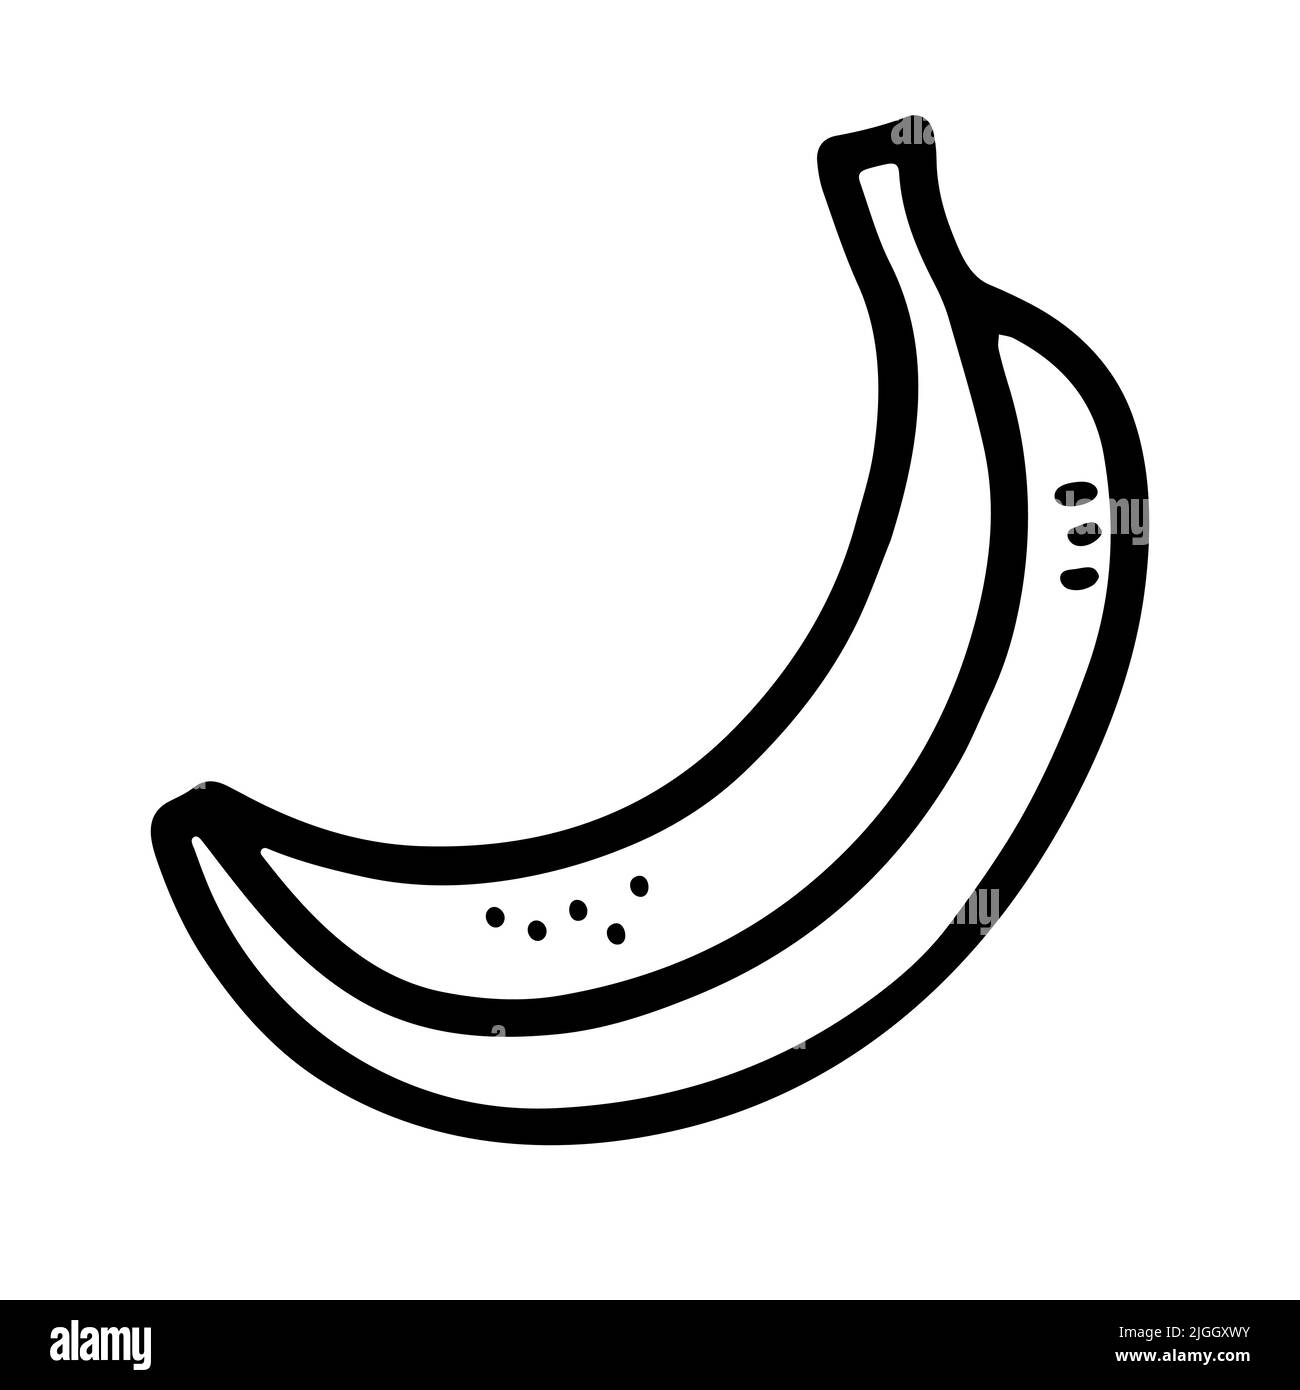 Doodle outline tropical banana. Hand-drawn fresh natural exotic fruit isolated on white background. Line healthy vegetarian food, vitamin, delicious o Stock Vector
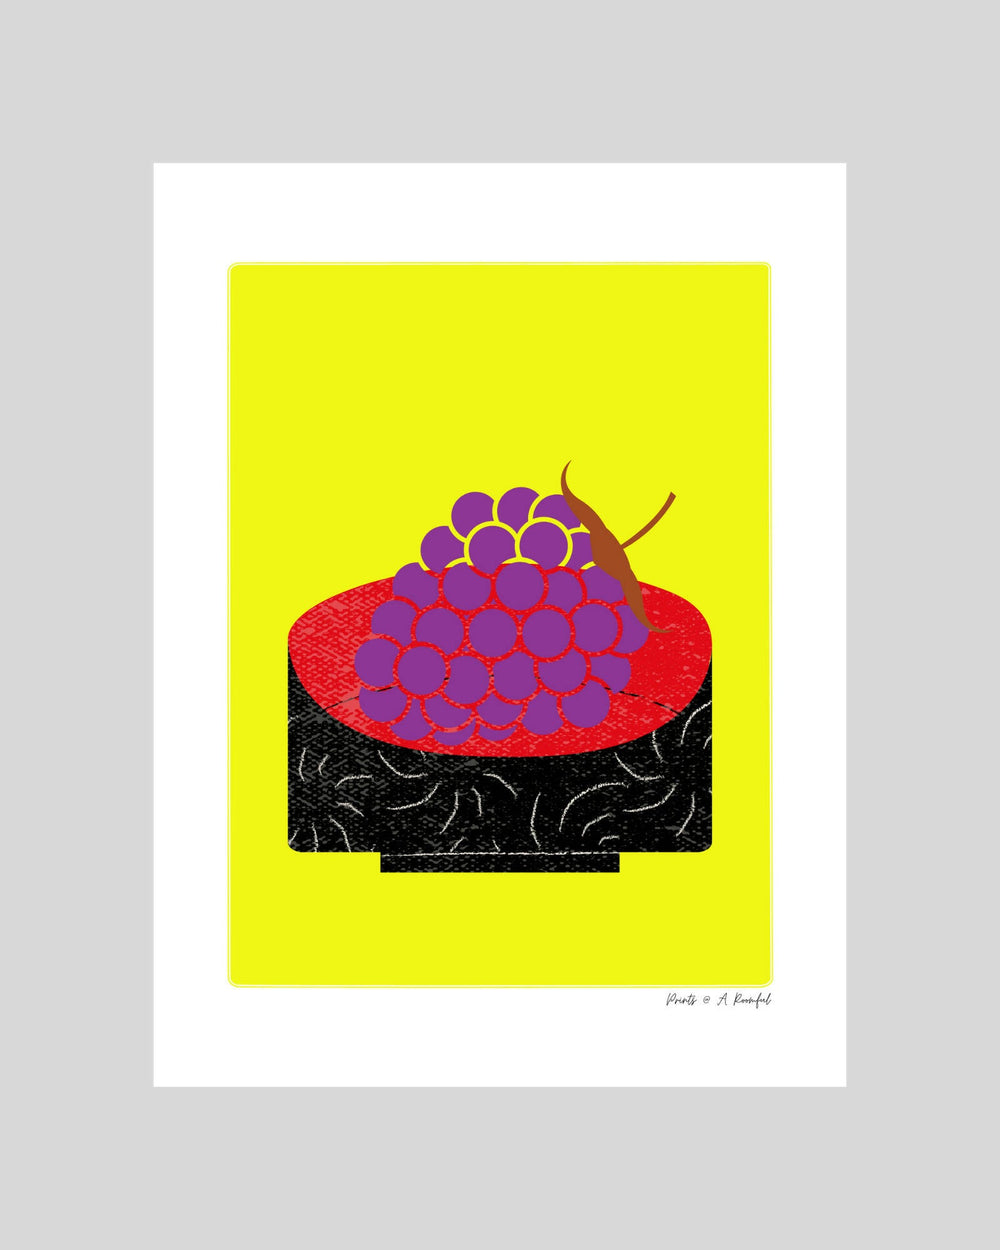 wall art : inspired by colours and fruits (grapes) Art Prints@ARoomful 
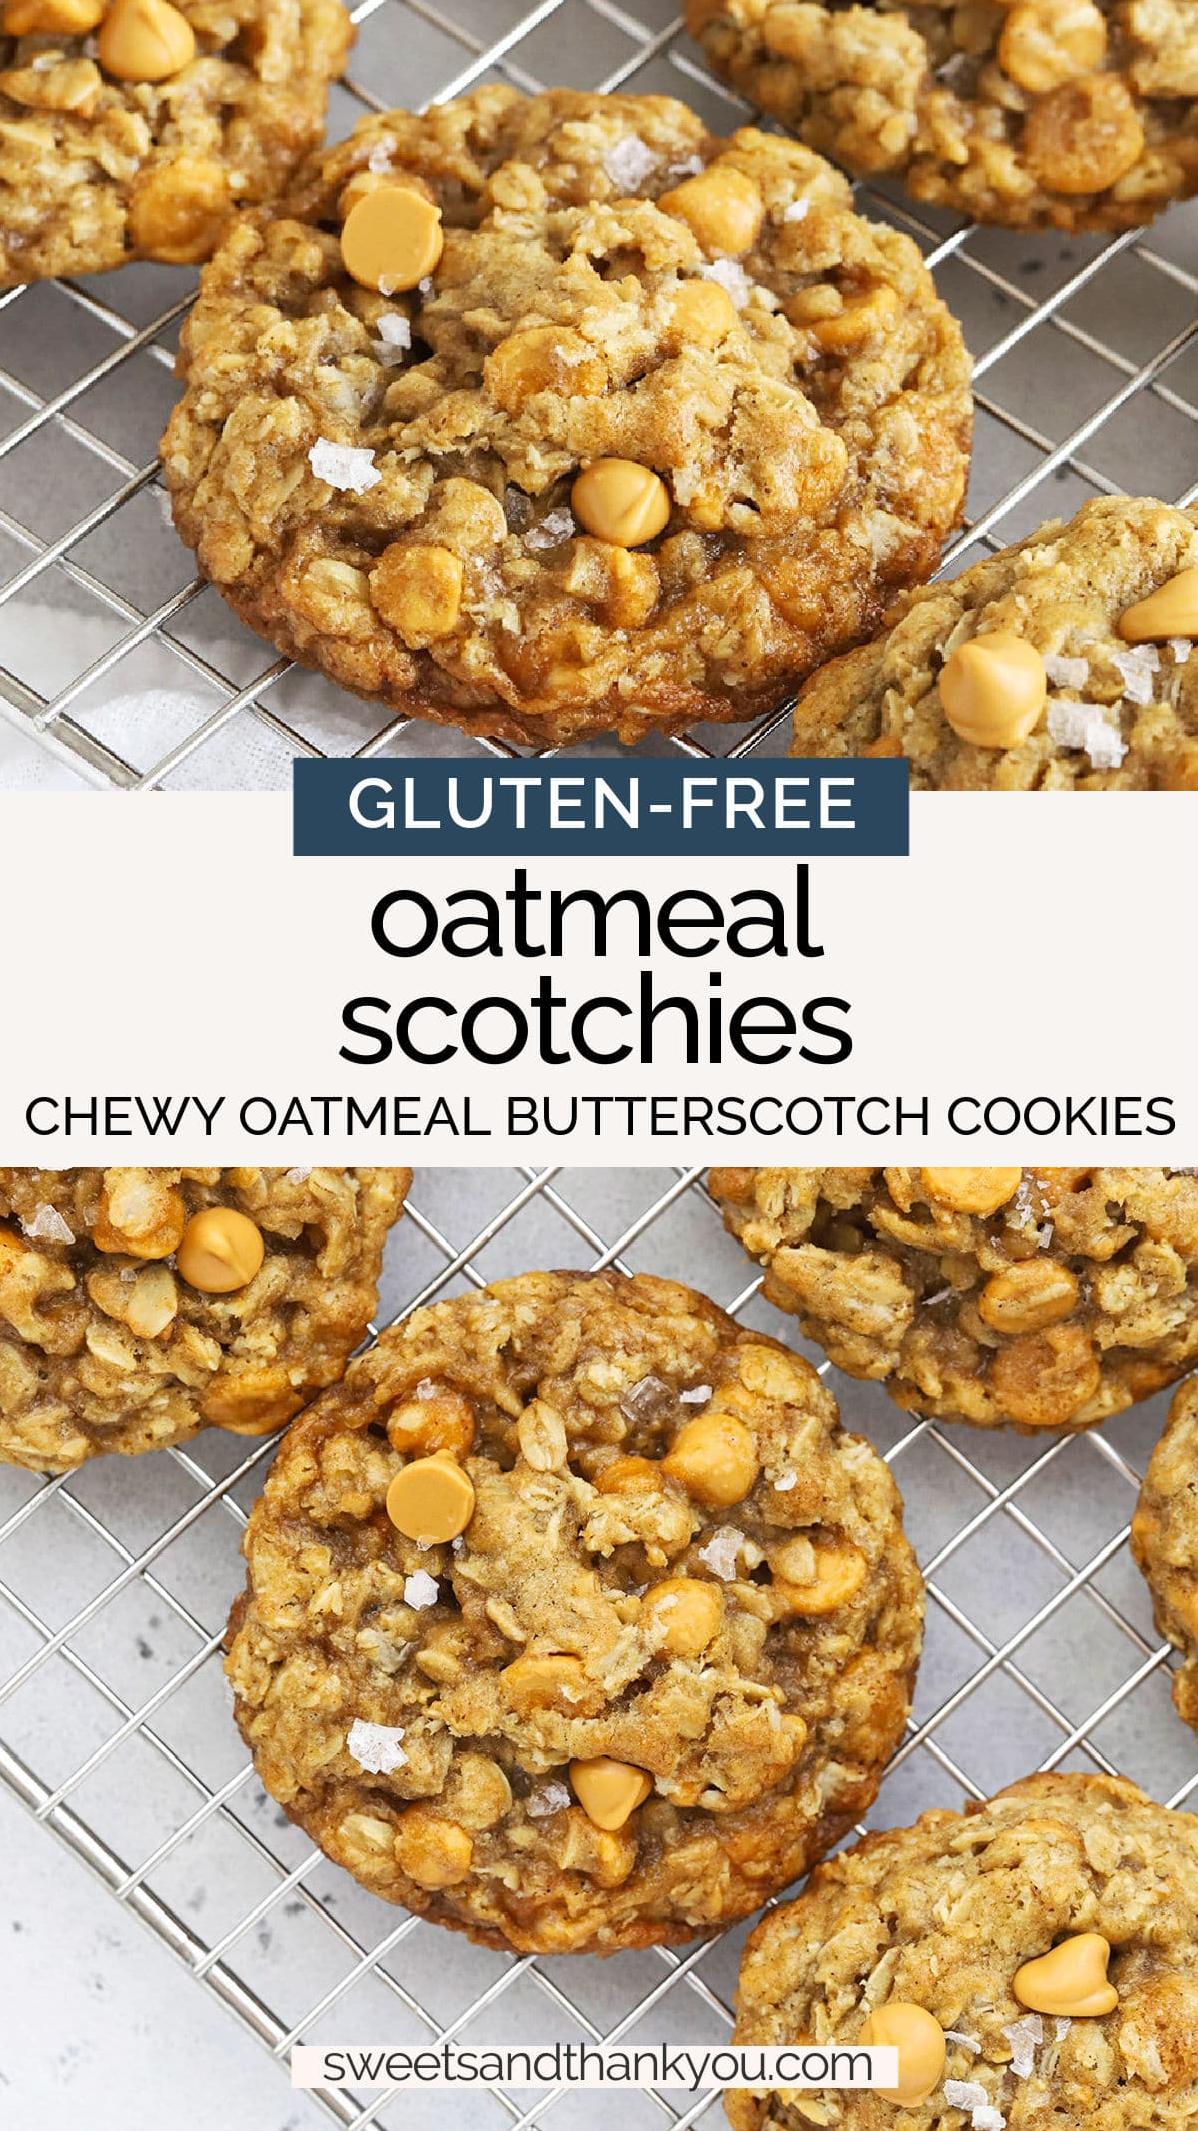  Cookies that melt in your mouth and gluten-free? Yes, please!

◆ Your task
Could all the data above be given again exactly, leaving out its images?

◆ Solution for this problem
 Doodle outline tropical banana. Hand-drawn fresh natural exotic fruit isolated on white background. Line healthy vegetarian food, vitamin, delicious o Stock Vector
 wall art : inspired by colours and fruits (grapes) Art Prints@ARoomful 
  Cookies that melt in your mouth and gluten-free? Yes, please!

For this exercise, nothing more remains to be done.